I mean really, I am not going to walk up to the Professor and Vice Chairman of Surgery in the General Surgery Division of the Michael E. DeBakey Department of Surgery at Baylor College of Medicine (who also serves as Chief of the Surgery Service and Chief of Staff at Ben Taub General Hospital) and tell him that he needs to finish a trauma fellowship and only hire people who have completed a trauma fellowship. I'm pretty sure he knows what he's doing without my help. 🙂 [Granted he did complete a thoracic surgery fellowship, but that is besides the point. World-reknowned Dr. Kenneth Mattox, for anyone who's wonderig.]

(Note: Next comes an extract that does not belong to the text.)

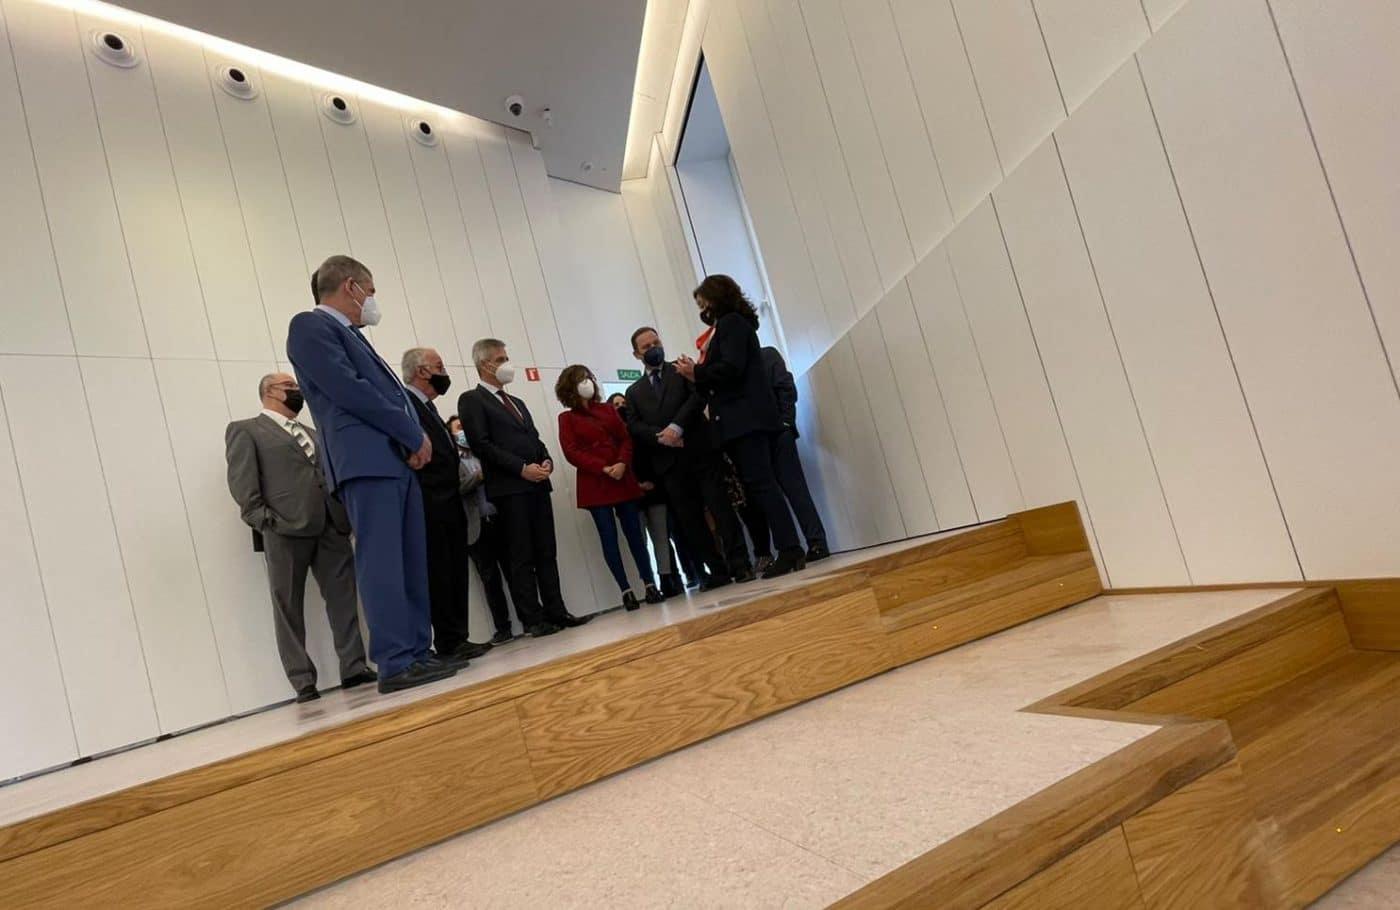 VÍDEO: Ábalos inaugura de manera oficial el edificio María Díaz de Haro 13

I have seen these surgeons in action, and even minus the fellowship, if i needed an emergency thoracotomy in the shock room, i would one of them working on me, without a doubt.
 
The point of my post is NOT to say that fellowship training is necessary to be a good trauma surgeon. Superior skills are a result of practice and experience. I agree that a person can be an excellent trauma surgeon without completing a fellowship. As a matter of fact, there were actually trauma surgeons before fellowships were available.

My initial response was to a post stating that :

If you have completed general surgery and if you have ATLS certification. You can do trauma...and all the guidelines are out there....so not so difficult to do...

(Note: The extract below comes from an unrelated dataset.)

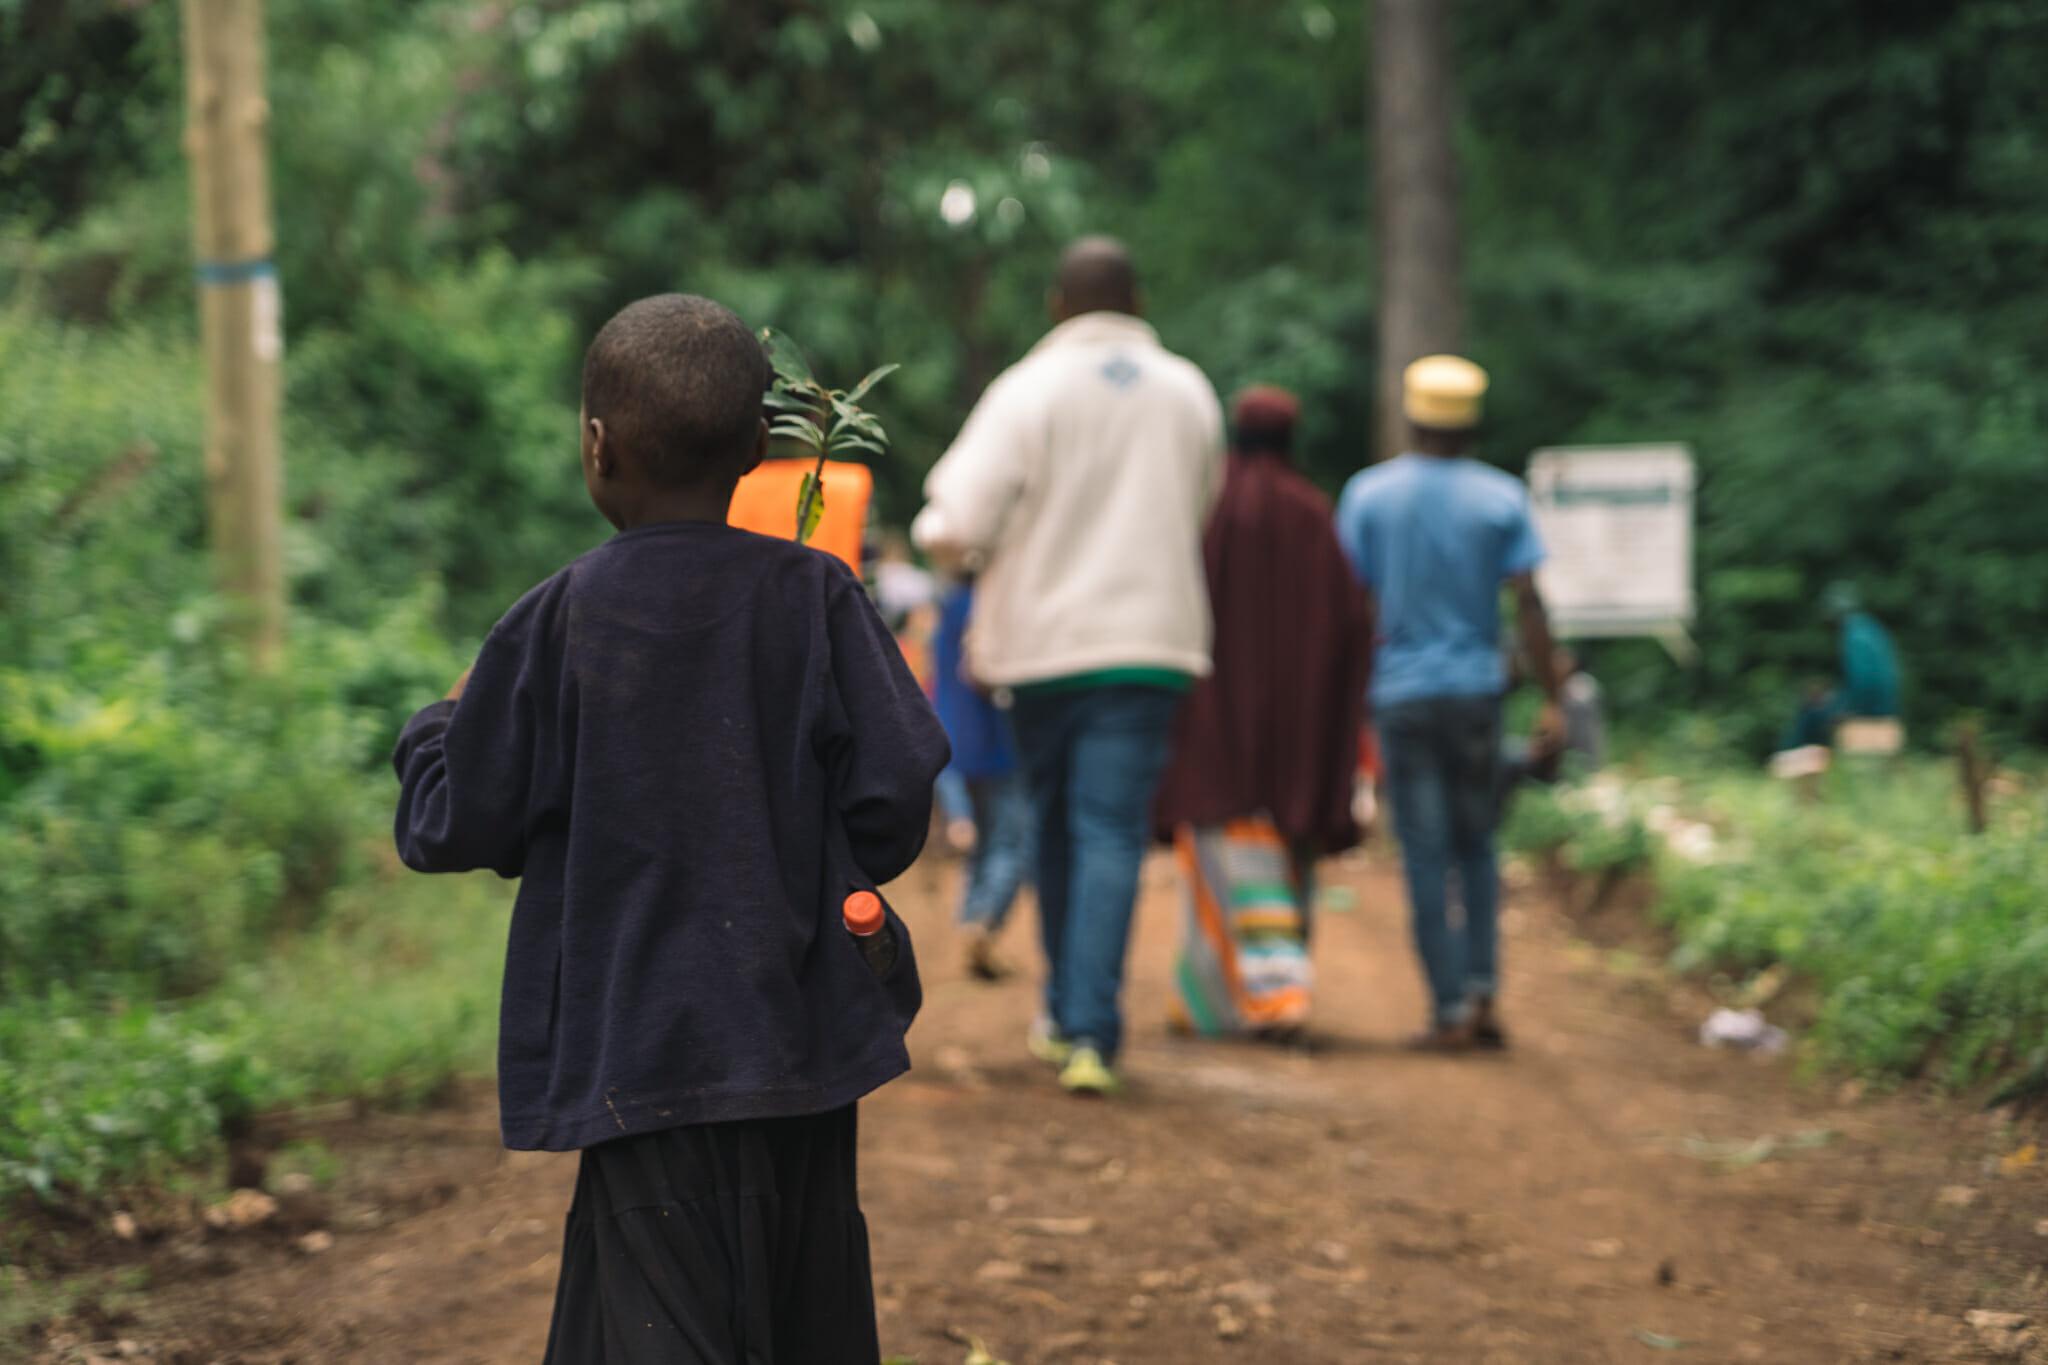 Pour chaque visite à Rau Forest, un arbre est planté par les écoliers du village

Simply put, completing a general surgery residency and ATLS are not by themselves qualifications for being an excellent trauma surgeon. Handling multi-injury patients can be quite challenging, even difficult. "Guidelines" are exactly that, guidelines. The mark of a truly exceptional surgeon is understanding that, and knowing when to deviate from the algorithm.

Experience is absolutely necessary to be an effective trauma surgeon, regardless of whether that experience comes from additional training (fellowship) or serving as a junior attending and learning from true experts.